Each line between the one holding "砂賀美希のインスタグラム：「#Repost @uqurito with" and the end of the material below, both included, is to be transcribed word for word, with pictures left out.

*** Opening Source material ***

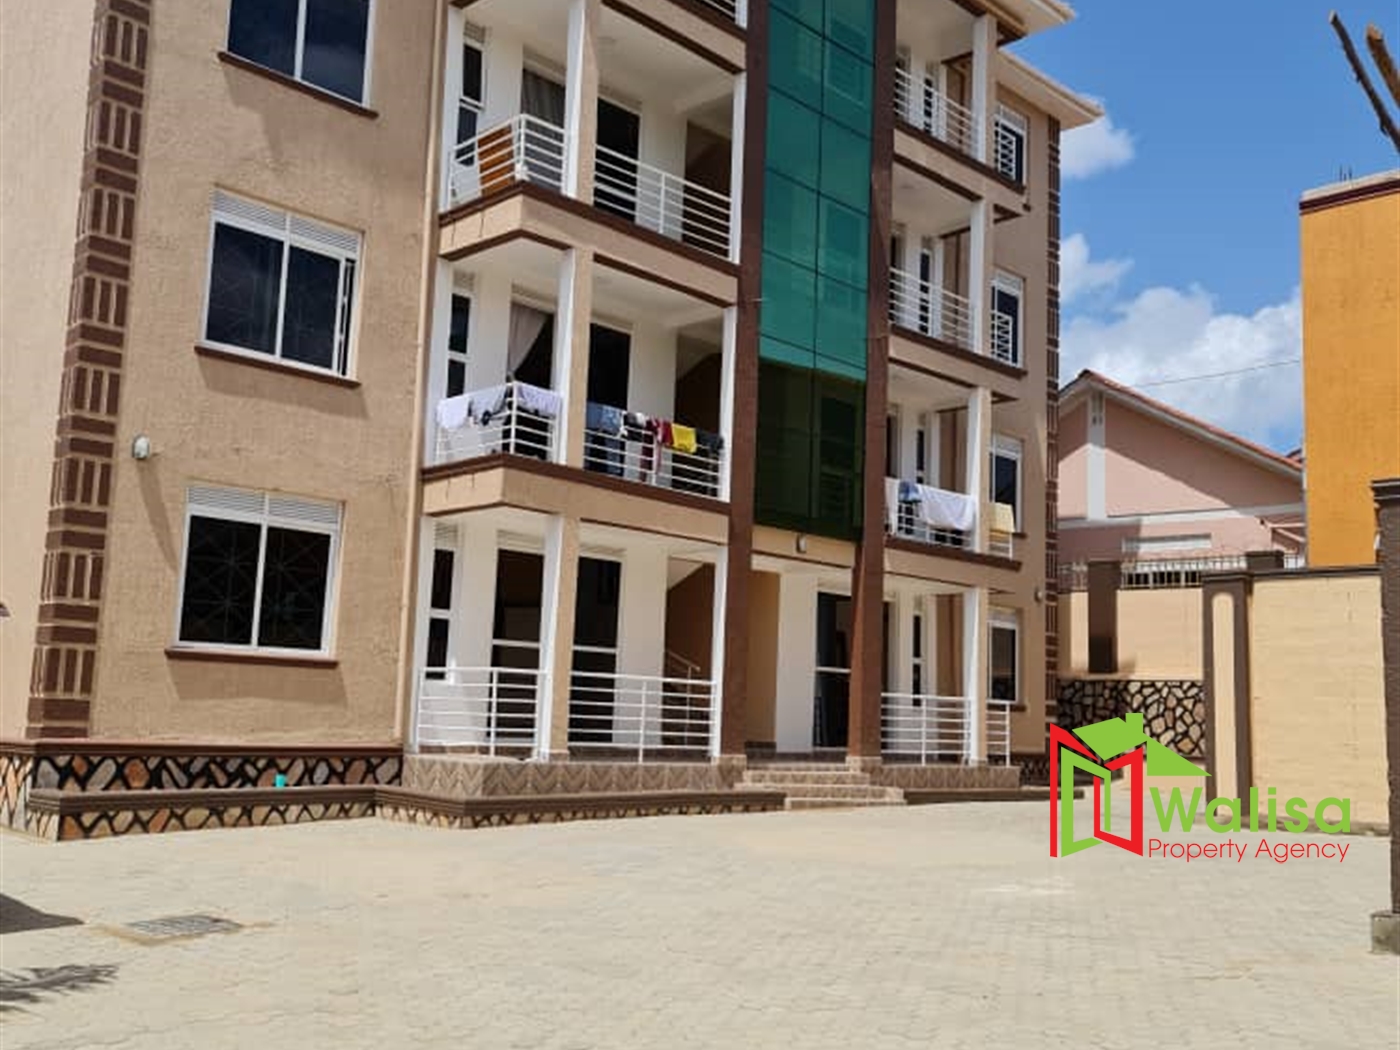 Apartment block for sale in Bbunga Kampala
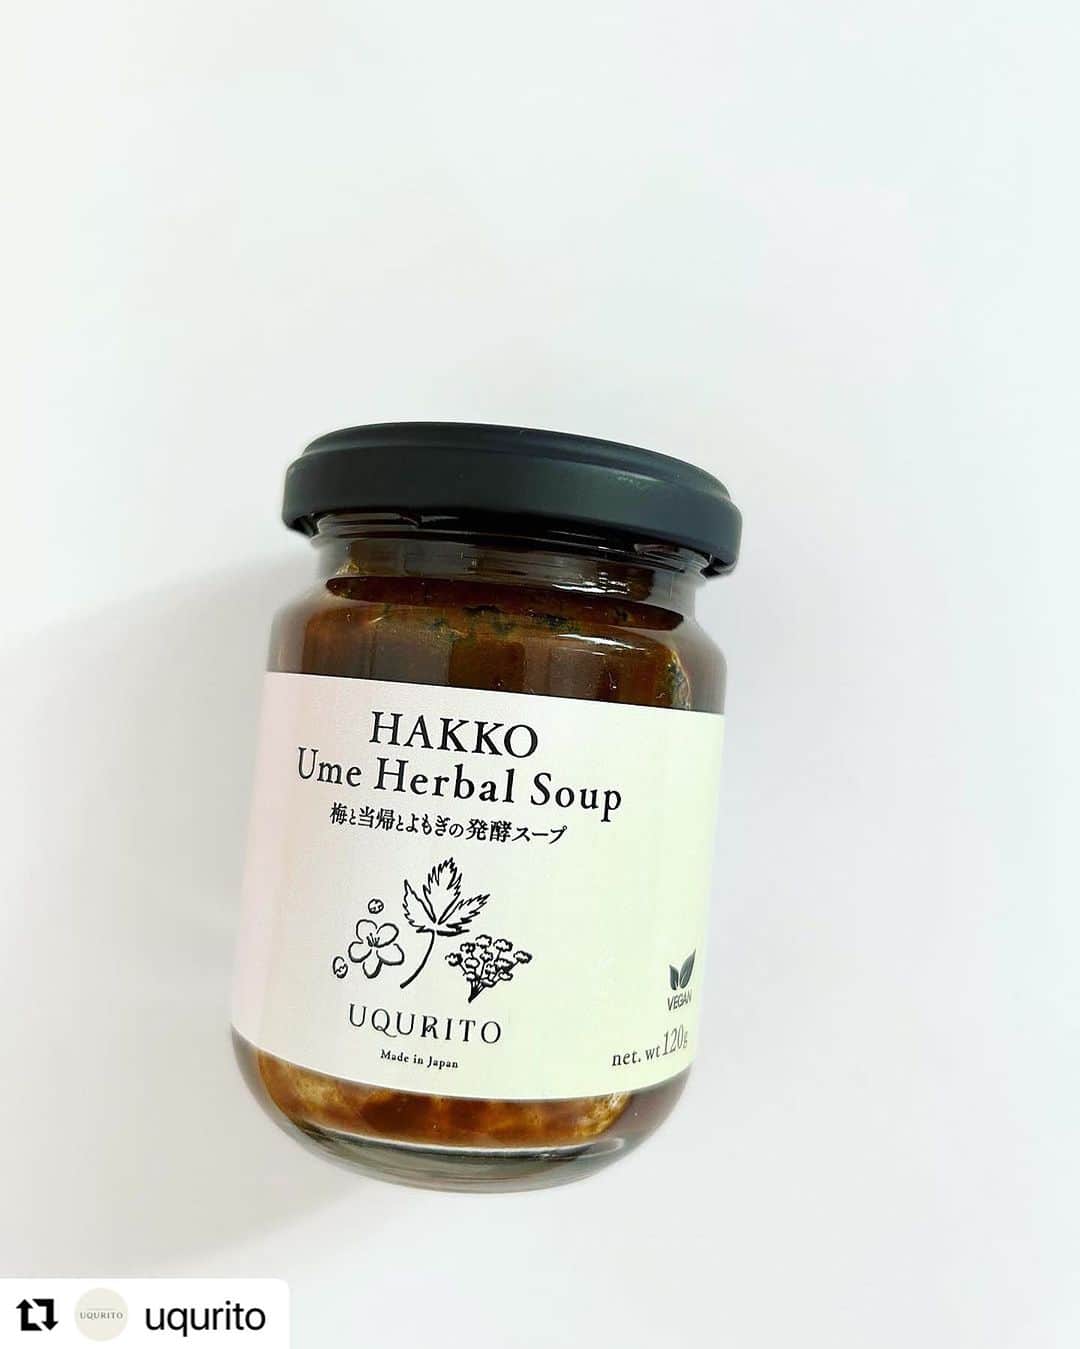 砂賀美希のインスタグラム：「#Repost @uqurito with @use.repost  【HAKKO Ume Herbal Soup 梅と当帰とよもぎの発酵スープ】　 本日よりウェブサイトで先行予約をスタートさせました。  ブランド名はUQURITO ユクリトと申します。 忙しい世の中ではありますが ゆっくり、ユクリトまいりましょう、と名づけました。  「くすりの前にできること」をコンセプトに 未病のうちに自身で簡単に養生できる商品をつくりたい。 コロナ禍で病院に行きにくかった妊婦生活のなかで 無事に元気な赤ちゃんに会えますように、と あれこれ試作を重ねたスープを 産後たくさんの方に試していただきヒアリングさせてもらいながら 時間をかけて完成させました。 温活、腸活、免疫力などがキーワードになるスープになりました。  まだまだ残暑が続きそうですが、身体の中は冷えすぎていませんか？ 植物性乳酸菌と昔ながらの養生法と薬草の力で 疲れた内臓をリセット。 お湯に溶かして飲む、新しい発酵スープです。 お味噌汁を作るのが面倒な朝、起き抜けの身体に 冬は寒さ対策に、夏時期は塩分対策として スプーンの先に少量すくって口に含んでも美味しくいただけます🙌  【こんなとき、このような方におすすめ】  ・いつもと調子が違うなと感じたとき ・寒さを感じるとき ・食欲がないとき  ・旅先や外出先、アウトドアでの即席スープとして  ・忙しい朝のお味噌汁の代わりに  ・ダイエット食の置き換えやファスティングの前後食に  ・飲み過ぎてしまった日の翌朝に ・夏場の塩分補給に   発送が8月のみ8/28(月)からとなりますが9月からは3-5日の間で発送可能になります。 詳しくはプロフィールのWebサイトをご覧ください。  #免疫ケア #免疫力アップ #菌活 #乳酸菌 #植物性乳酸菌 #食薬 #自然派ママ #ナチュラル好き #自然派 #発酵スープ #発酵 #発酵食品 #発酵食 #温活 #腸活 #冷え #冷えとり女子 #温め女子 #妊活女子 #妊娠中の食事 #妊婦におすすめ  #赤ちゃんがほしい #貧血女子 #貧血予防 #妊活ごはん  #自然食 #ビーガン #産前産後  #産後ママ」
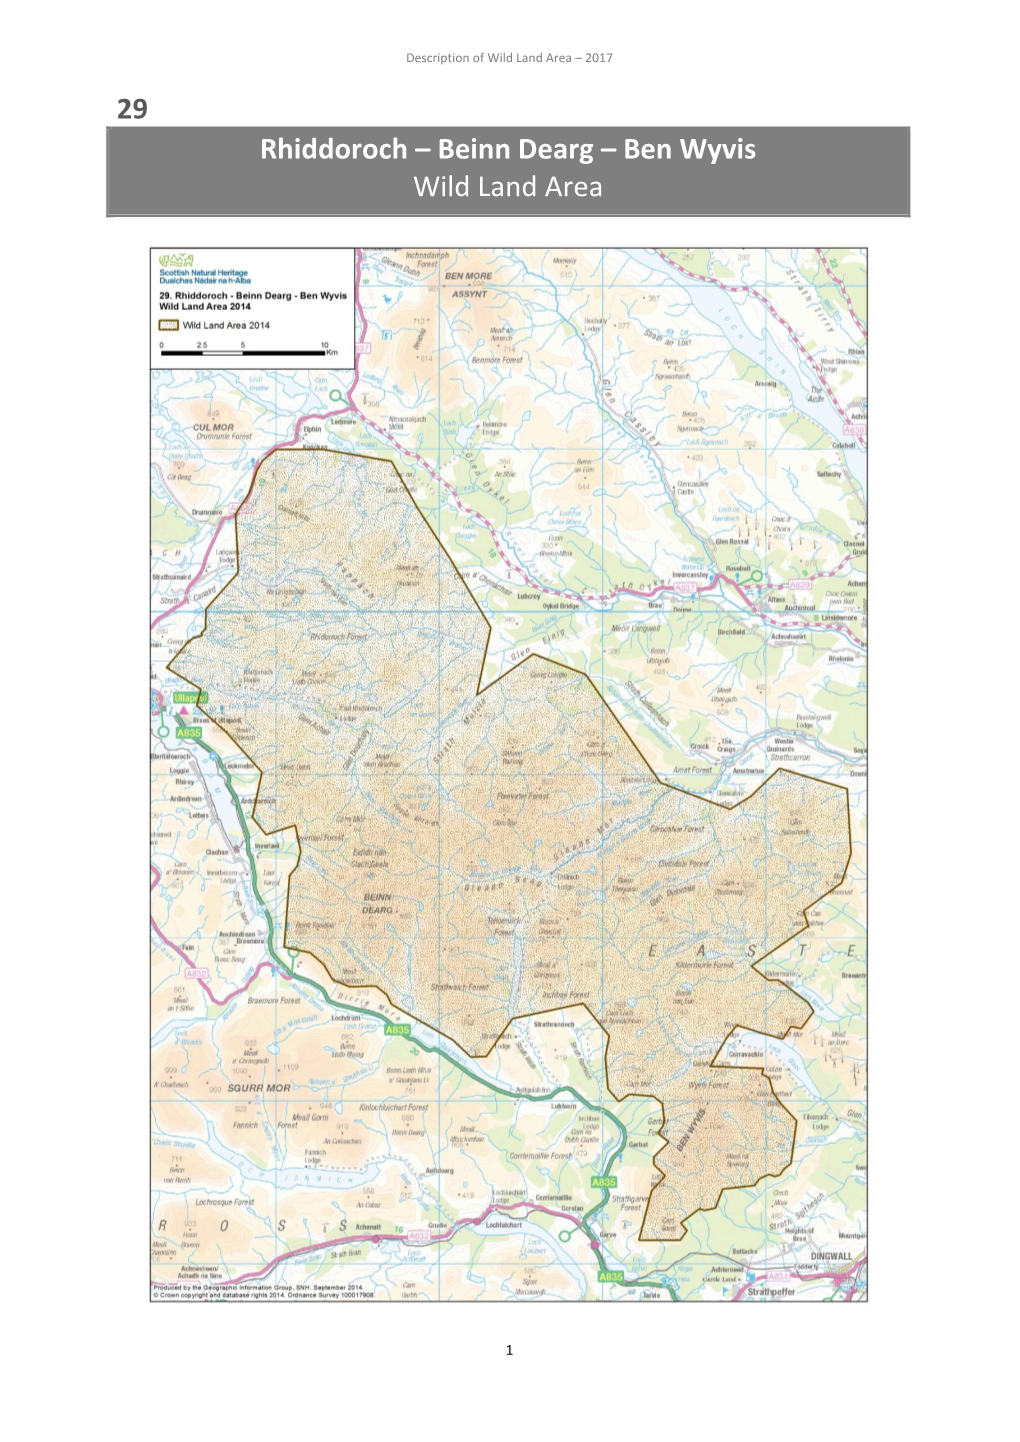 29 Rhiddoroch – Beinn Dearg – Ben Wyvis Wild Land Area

*** Closing Source material ***

- _Task result_
 砂賀美希のインスタグラム：「#Repost @uqurito with @use.repost  【HAKKO Ume Herbal Soup 梅と当帰とよもぎの発酵スープ】　 本日よりウェブサイトで先行予約をスタートさせました。  ブランド名はUQURITO ユクリトと申します。 忙しい世の中ではありますが ゆっくり、ユクリトまいりましょう、と名づけました。  「くすりの前にできること」をコンセプトに 未病のうちに自身で簡単に養生できる商品をつくりたい。 コロナ禍で病院に行きにくかった妊婦生活のなかで 無事に元気な赤ちゃんに会えますように、と あれこれ試作を重ねたスープを 産後たくさんの方に試していただきヒアリングさせてもらいながら 時間をかけて完成させました。 温活、腸活、免疫力などがキーワードになるスープになりました。  まだまだ残暑が続きそうですが、身体の中は冷えすぎていませんか？ 植物性乳酸菌と昔ながらの養生法と薬草の力で 疲れた内臓をリセット。 お湯に溶かして飲む、新しい発酵スープです。 お味噌汁を作るのが面倒な朝、起き抜けの身体に 冬は寒さ対策に、夏時期は塩分対策として スプーンの先に少量すくって口に含んでも美味しくいただけます🙌  【こんなとき、このような方におすすめ】  ・いつもと調子が違うなと感じたとき ・寒さを感じるとき ・食欲がないとき  ・旅先や外出先、アウトドアでの即席スープとして  ・忙しい朝のお味噌汁の代わりに  ・ダイエット食の置き換えやファスティングの前後食に  ・飲み過ぎてしまった日の翌朝に ・夏場の塩分補給に   発送が8月のみ8/28(月)からとなりますが9月からは3-5日の間で発送可能になります。 詳しくはプロフィールのWebサイトをご覧ください。  #免疫ケア #免疫力アップ #菌活 #乳酸菌 #植物性乳酸菌 #食薬 #自然派ママ #ナチュラル好き #自然派 #発酵スープ #発酵 #発酵食品 #発酵食 #温活 #腸活 #冷え #冷えとり女子 #温め女子 #妊活女子 #妊娠中の食事 #妊婦におすすめ  #赤ちゃんがほしい #貧血女子 #貧血予防 #妊活ごはん  #自然食 #ビーガン #産前産後  #産後ママ」
 29 Rhiddoroch – Beinn Dearg – Ben Wyvis Wild Land Area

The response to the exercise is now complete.